The present invention provides a multicontact electrical connector element comprising:
a metal cage having a front face and a rear face and defining one or more cells passing therethrough from one face to the other;
one or more insulating blocks received in the cells and each provided with a plurality of through holes extending from one face of the cage to the other;
individual contacts each received in a through hole of the insulating block; and
a grounding piece in electrical contact with the metal cage;
the connector element including the contact portion of a resilient-finger contact inserted directly in the grounding piece, said contact portion being constituted by a ring supporting the radially deformable resilient fingers.
In other words, the invention provides for the contact portion of a resilient-finger contact to be inserted directly in the grounding piece without its protective bushing.
According to the invention, it is advantageous for the grounding piece that is in contact with the cage to be made of bronze.
In addition, the grounding piece can have a thin layer of nickel deposited by electroplating.
Such a layer of nickel performs its conventional function of providing protection against corrosion and presents the additional advantage of being ductile, thereby preventing it from being damaged during insertion of the resilient-finger contact portions, and guarantees better resistance to corrosion over time, even under extremely damp conditions.
Furthermore, if the grounding piece is made of bronze, any local damage to its plating will not give rise to the consequences described above since the copper-nickel electrochemical couple presents low oxidation-reduction potential.
In a particular embodiment of the invention, the grounding piece in contact with the cage is constituted by the cage itself, which cage is provided with orifices for receiving the resilient-finger contact portions.

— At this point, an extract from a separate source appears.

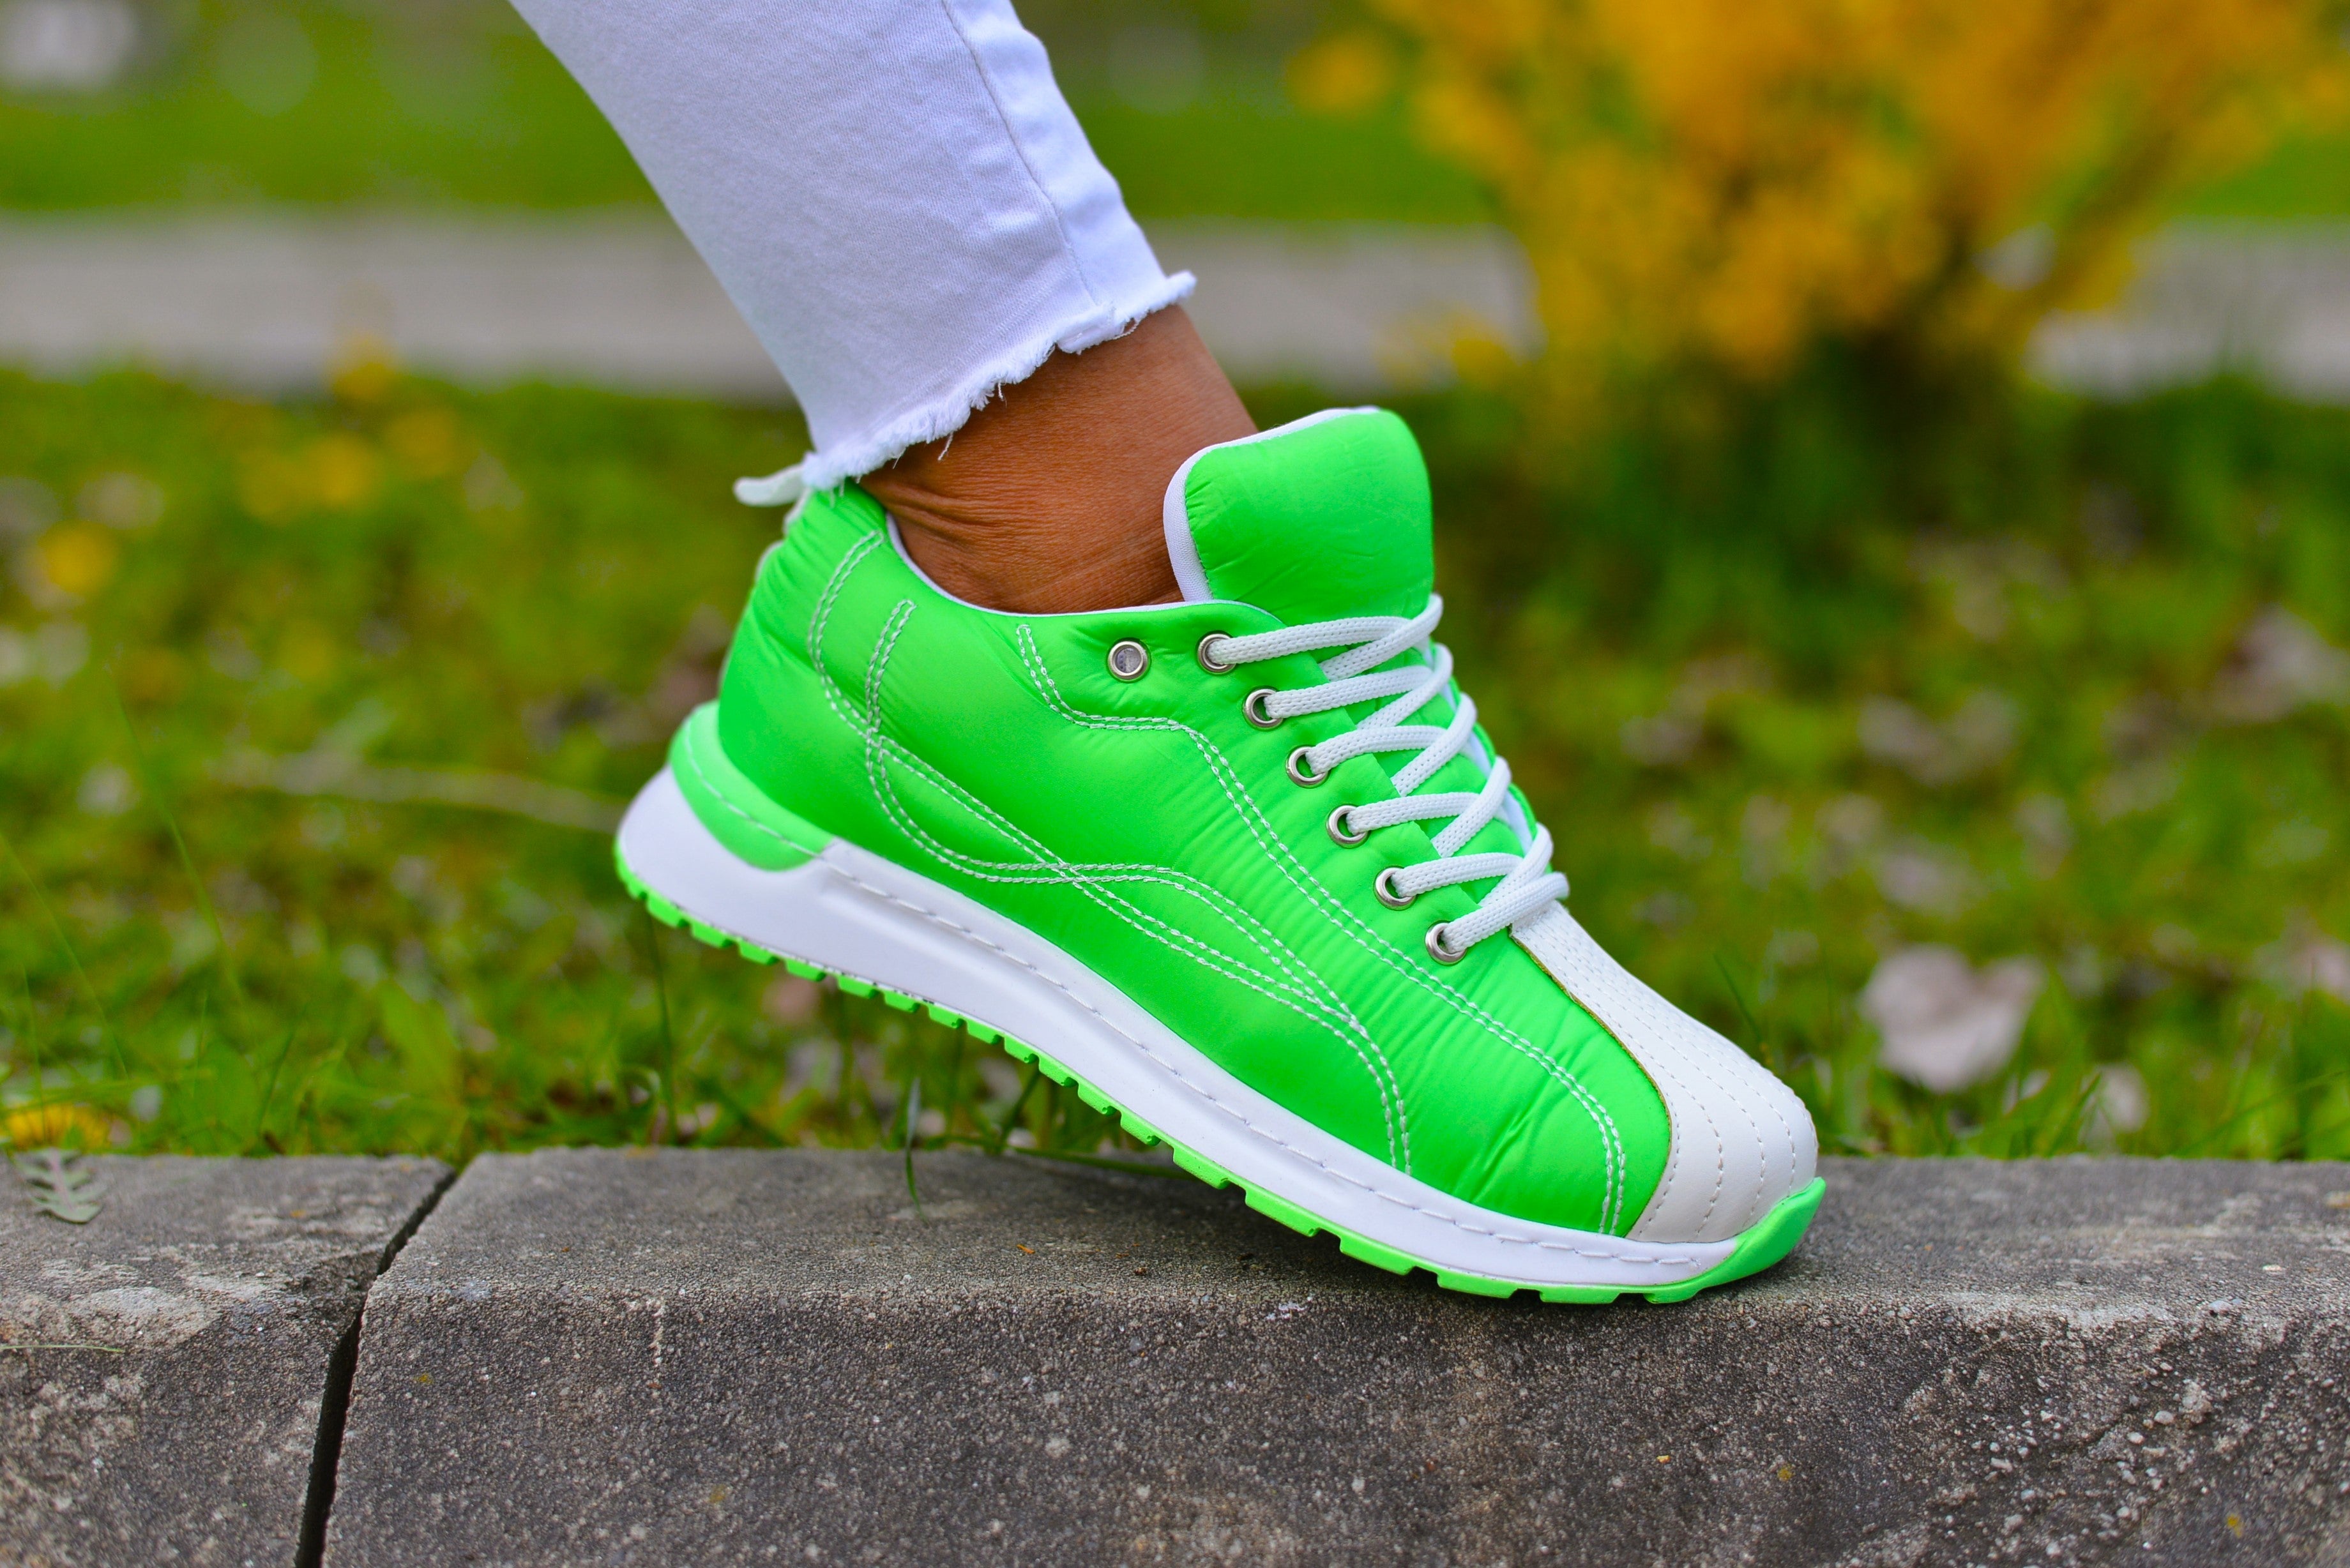 Women's Sneakers Green Neon Verona  Made of Textile Material

In another embodiment of the invention, the grounding piece in electrical contact with the cage is a grounding bar provided with orifices receiving the resilient-finger contact portion.
In another embodiment, the cage has a peripheral collar and the grounding piece forms a frame which surrounds the cage and which bears against its peripheral collar.
In another embodiment of the invention, a grounding plate pierced by orifices receives the resilient-finger contact portions and thus acts as the grounding piece. This grounding plate is pressed against the collar of the cage and is thus electrically connected thereto.
In all cases, a second grounding piece which may be in the form of a bar, a frame, or a plate, and which may be conductive or otherwise, covers the grounding piece to hold the retaining clips which serve to snap-fasten the contact pins inserted in the resilient-finger contact portions.
In a particular embodiment, each orifice formed in the grounding piece to receive a resilient-finger contact portion is surrounded by at least one recess which leaves the equivalent of a cylinder of material between said orifice and the recess(es), thereby reconstituting the protective bushing missing from the resilient-finger contact.
This recess can be constituted by a cylindrical groove formed in the surface of the grounding piece providing it is sufficiently thick, or by holes passing through the entire thickness of said grounding piece and separated by bridges of material.